Section 4.6 Implementing Kruskal's Algorithm: The Union-Find Data Structure

Kruskal's Algorithm requires a way to rapidly identify the connected components to which two nodes on either end of an edge belong. This requirement is met by a data structure called the Union-Find Data Structure. This data structure supports three operations: MakeUnionFind(S) which returns a Union-Find data structure on the set S where each element is in its own set, Find(u) which returns the name of the set containing node u, and Union(A, B) which merges sets A and B into a single set.

The chapter discusses two different implementations for the Union-Find data structure, but the first is largely introduced as a comparative tool for the operation of the second so I will omit it in these notes since many components are similar.

The Union-Find data structure favored in the section makes use of pointers.
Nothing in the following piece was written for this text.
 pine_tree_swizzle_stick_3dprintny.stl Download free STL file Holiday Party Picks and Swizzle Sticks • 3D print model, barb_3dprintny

Initially, the MakeUnionFind(S) operation makes a record for each element in the set and sets each elements pointer to point to the element itself. When two disjoint sets are united, the pointer of one of them will be reset to point to the other node, which now is the name of the set. The rest of the pointers in the joined sets do not need to be reset. This means that now to find the name of the set which contains a node u, pointers must be followed until there are no more remaining, at which point we have reached the eponymous node of the set. For this implementation, Union will require constant time since it is merely updating a pointer, MakeUnionFind(S) will require linear time on the nodes of the set and Find will require O(log n) time. There is a way to improve the running time of the Find function, however. This process is called compression of the path traversed by a call of the Find function and it works by resetting all the pointers along that does not change the O(log n) worst-case running time. The real gain comes from subsequent calls of Find along that path, since they now run in O(k) time!

To implement Kruskal's algorithm using a Union-Find data structure, the edges must first be sorted which takes O(m log n) time. Then, the ends of each edge are checked for their connected component using a Find call for each. If they are not in the same connected component then the connected components are united with a Union call on the Finds for each node. There will be at most 2 Find calls for each edge and n-1 Union calls and using either the array-based Union-Find or the pointer-based implementation of the data structure will yield a O(m log n) running time.

I didn't find this chapter to be too dense and the diagrams filled in the gaps fairly well so I would give it a reasonably high readability.